For their report, Dr. Leda Chatzi from the University of Crete and her colleagues used data from a long-term study of 540 mothers and their kids.

When the babies were nine months old, the researchers asked mothers when they started breastfeeding and how long they breastfed. They updated the information when the children were 18 months old.

Psychologists also tested children's cognitive abilities, language skills and motor development at 18 months.

About 89 percent of the babies were ever breastfed. Of those, 13 percent were breastfed for less than one month, 52 percent for between one and six months and 35 percent for longer than six months.

Children who were breastfed for any amount of time scored higher on the cognitive, receptive communication and fine motor portions of the test than children who weren't breastfed.

Scores on the cognitive, receptive and expressive communication and fine motor sections were highest among children who were breastfed for more than six months, the researchers reported in the Journal of Epidemiology and Community Health.

For instance, on cognitive assessments with a normal score of 100, toddlers who were never breastfed scored about a 97, on average. Kids who were breastfed for more than six months scored a 104.

Chatzi and her colleagues expected to see more breastfeeding than they did.

"We were surprised by the fact that breastfeeding levels in Greece remain low, even though there is an ongoing effort by the Greek State to promote breastfeeding practices," Chatzi told Reuters Health in an email.

Christakis pointed out that in the United States, about 60 to 80 percent of women start breastfeeding their babies, but by four months less than 30 percent are still breastfeeding.

The World Health Organization recommends exclusive breastfeeding - without any formula or solid food - until a baby is six months old, followed by breastfeeding with the addition of appropriate foods through age two.

"One of the reasons we see such a big drop off in the United States and elsewhere around four months is because women return to work," Christakis said.

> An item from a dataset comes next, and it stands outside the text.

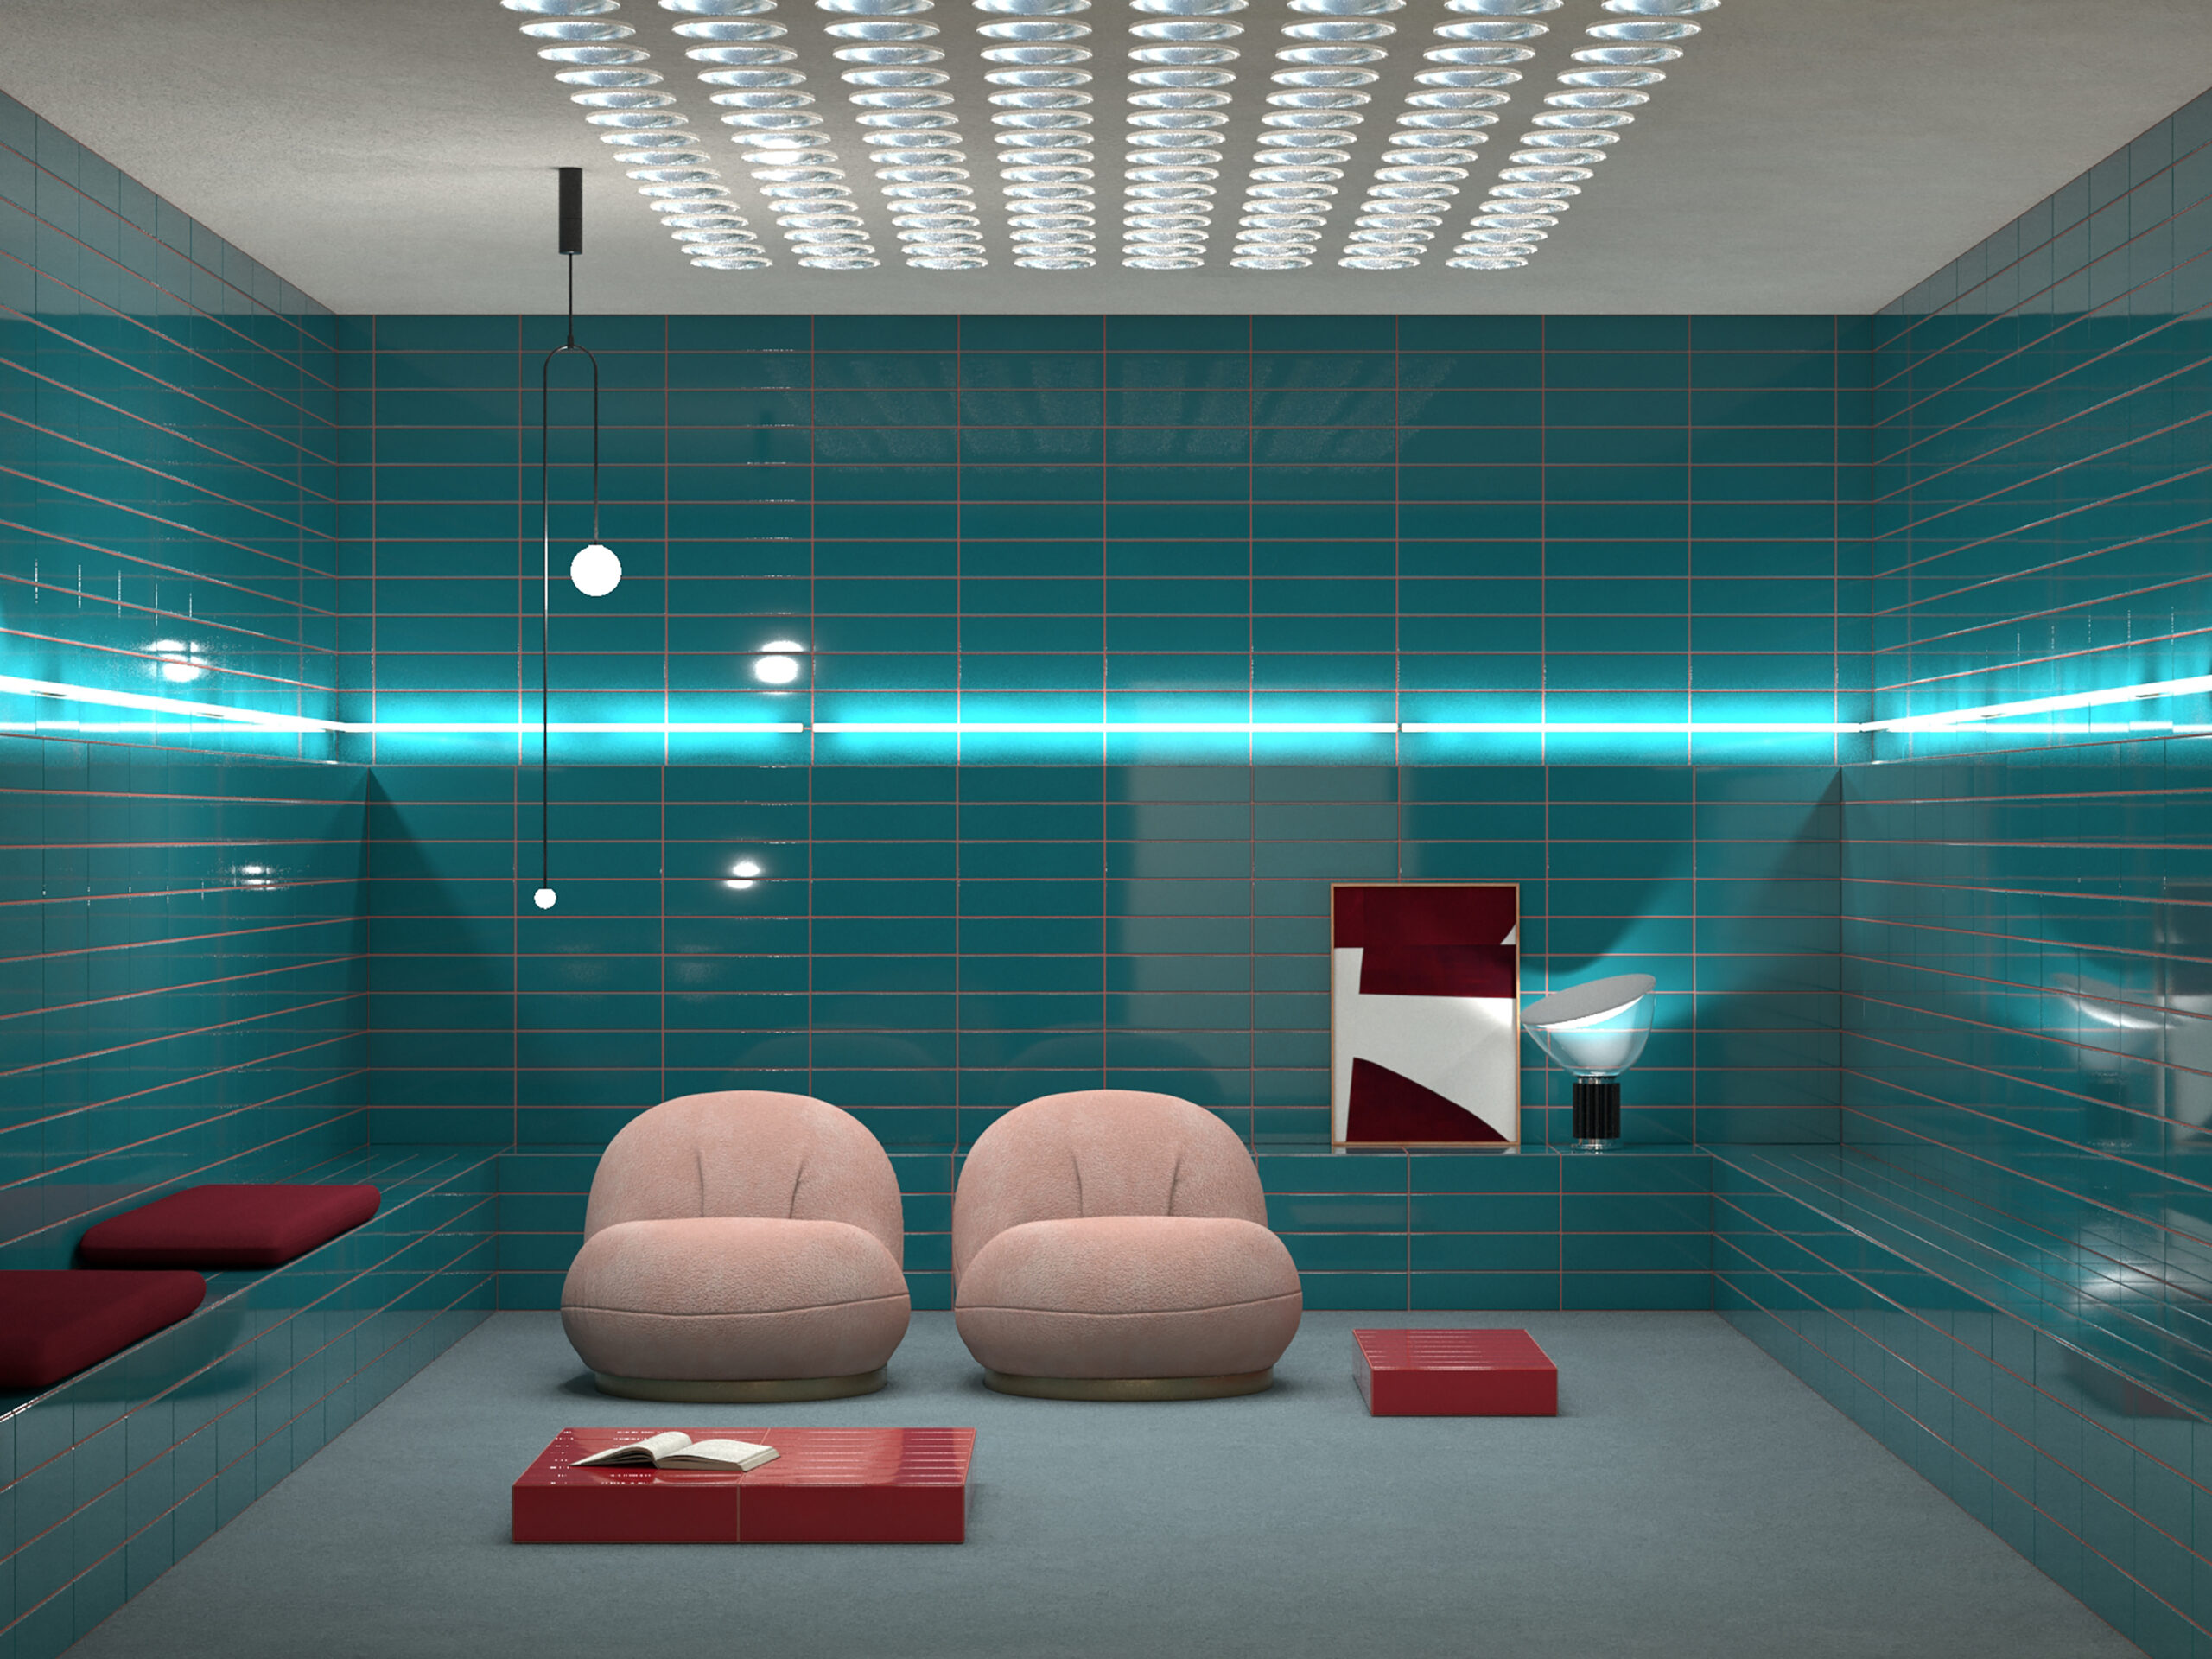 CROMIA – minimalism as inspiration

"The real challenge we have is with sustaining breast-feeding," he said. "I believe very strongly that we need a public health approach to doing so because these are public health issues - improving child cognition and improving in this case as they showed a child's physical development, benefits society as a whole and society has to support women achieving that goal."

"We need to have baby-friendly work places that help women continue to either breast-feed or pump when they return to work," Christakis said.

"There's that African proverb, 'it takes a village to raise a child,'" he said. "It takes a village to breast-feed a child as well, and all sectors have to contribute."